RAW DATA

━━━

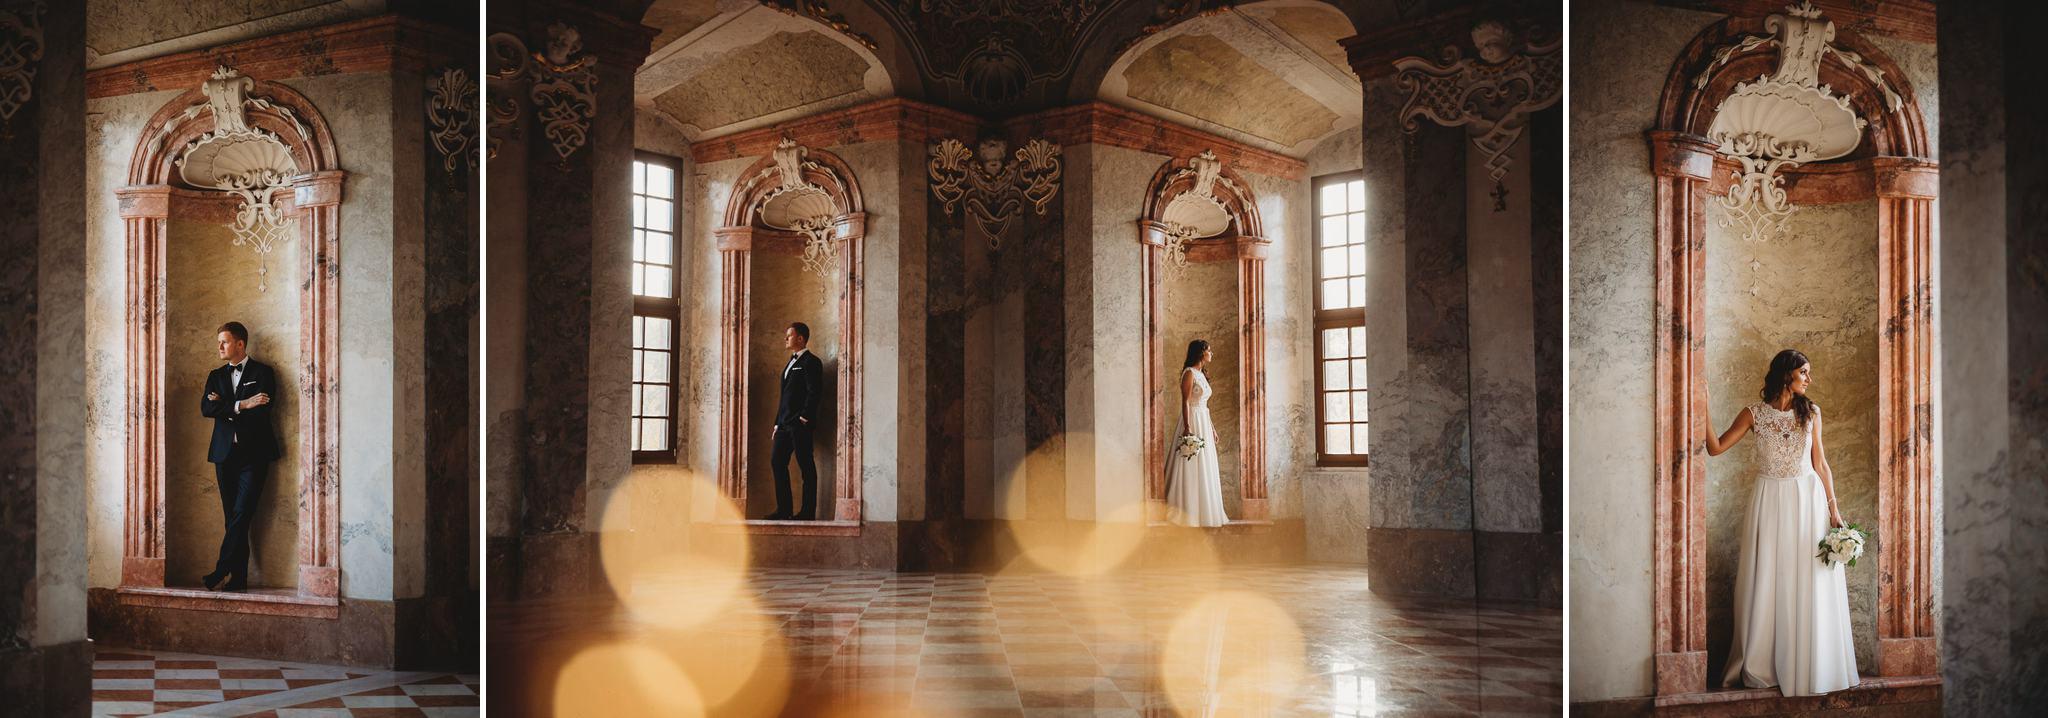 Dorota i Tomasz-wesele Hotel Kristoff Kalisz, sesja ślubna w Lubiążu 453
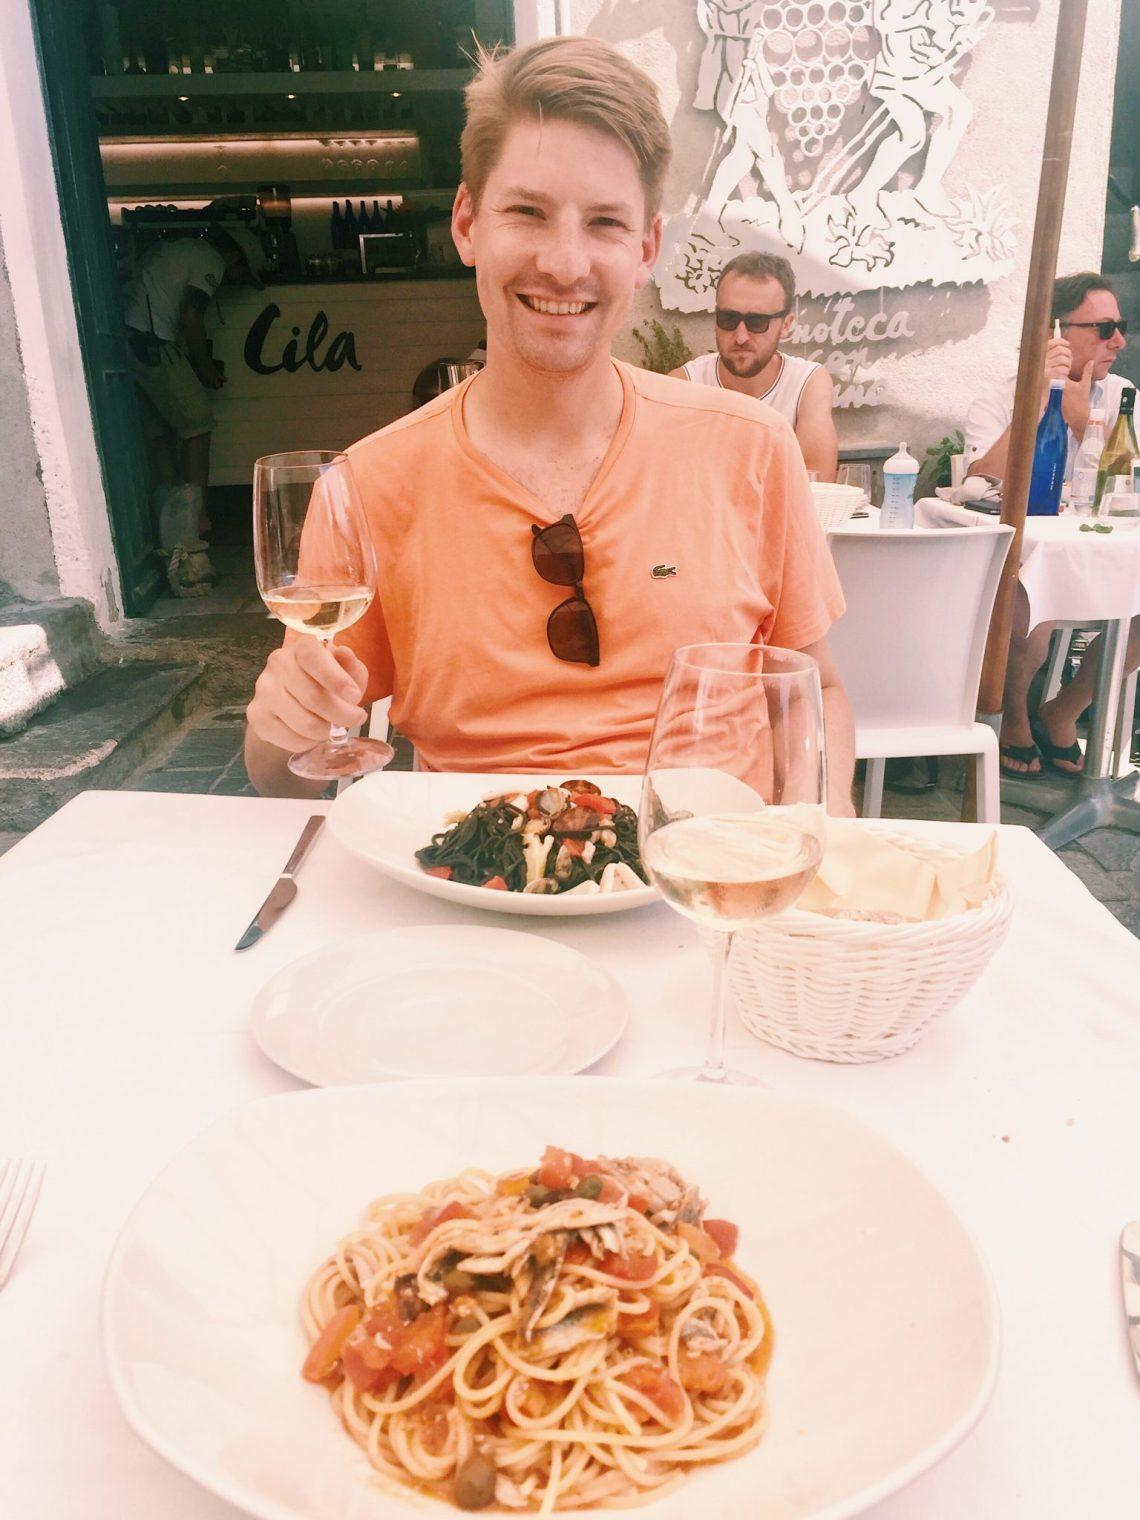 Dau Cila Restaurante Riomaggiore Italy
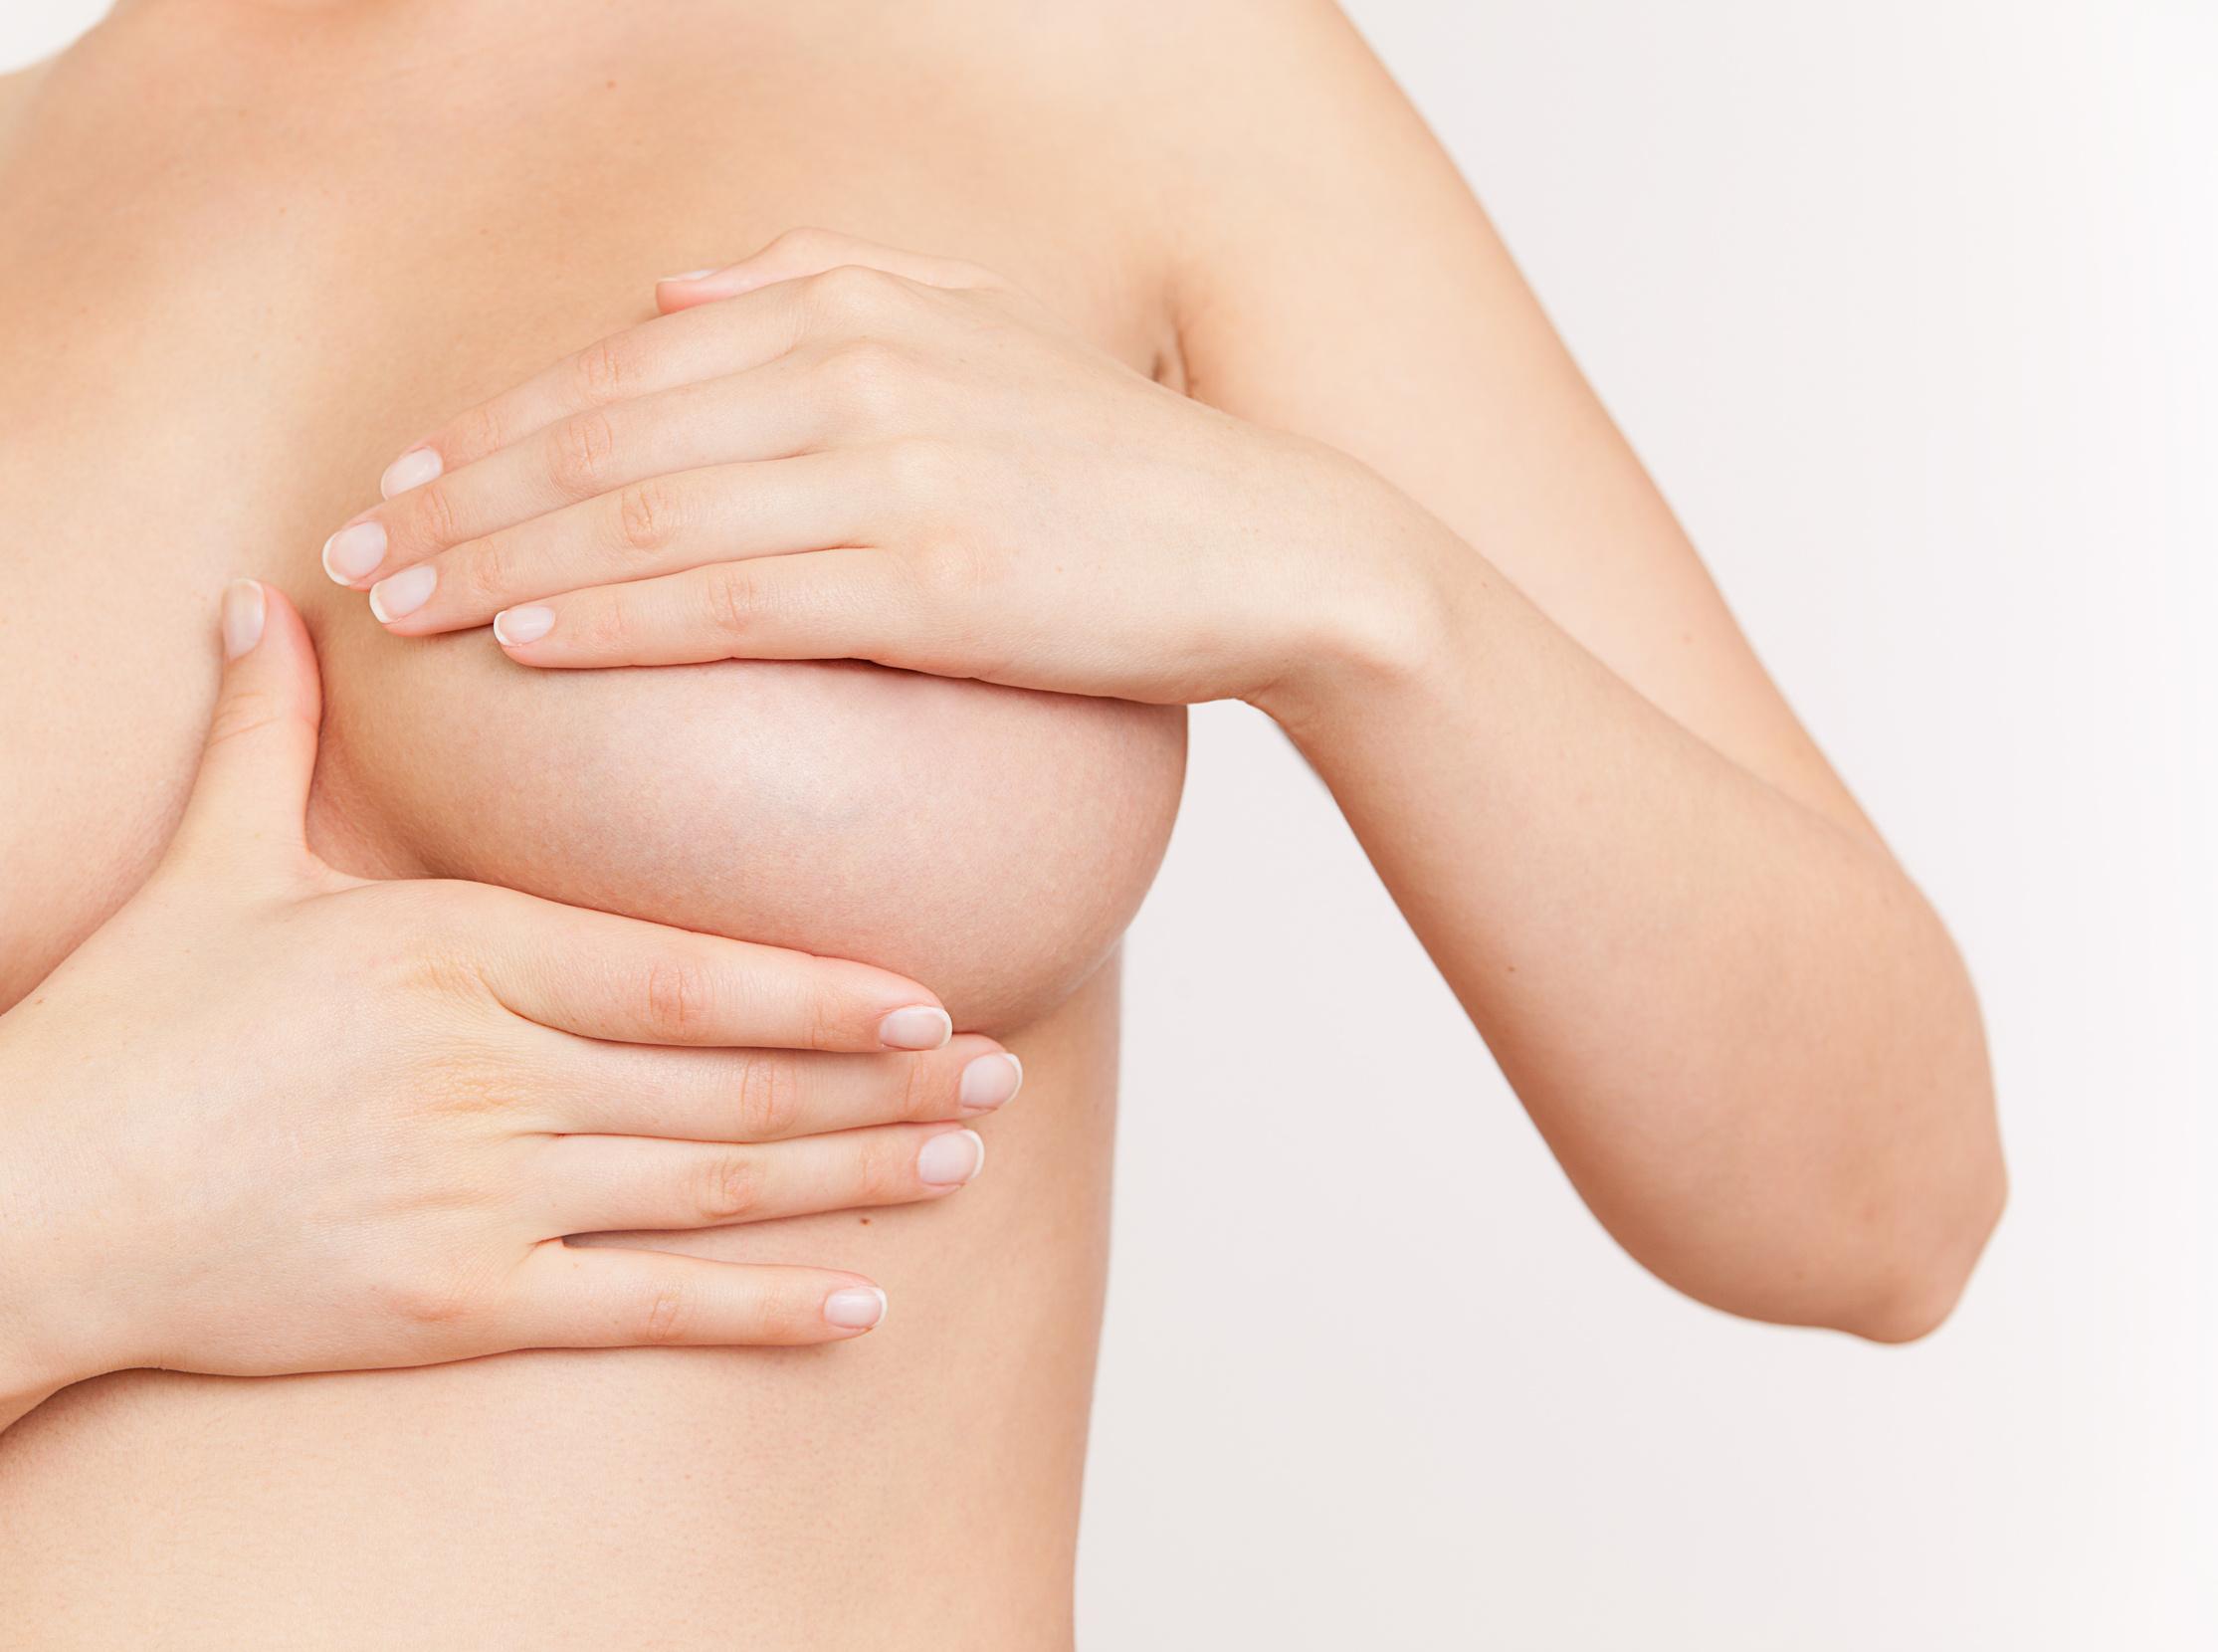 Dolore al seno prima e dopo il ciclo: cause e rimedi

━━━

TASK TO CARRY OUT
Starting with the line that contains "Dau Cila Restaurante Riomaggiore Italy", repeat each line exactly through the last line of the data above, and nothing more; the pictures stay out.

FINISHED EXERCISE
 Dau Cila Restaurante Riomaggiore Italy
 Dolore al seno prima e dopo il ciclo: cause e rimedi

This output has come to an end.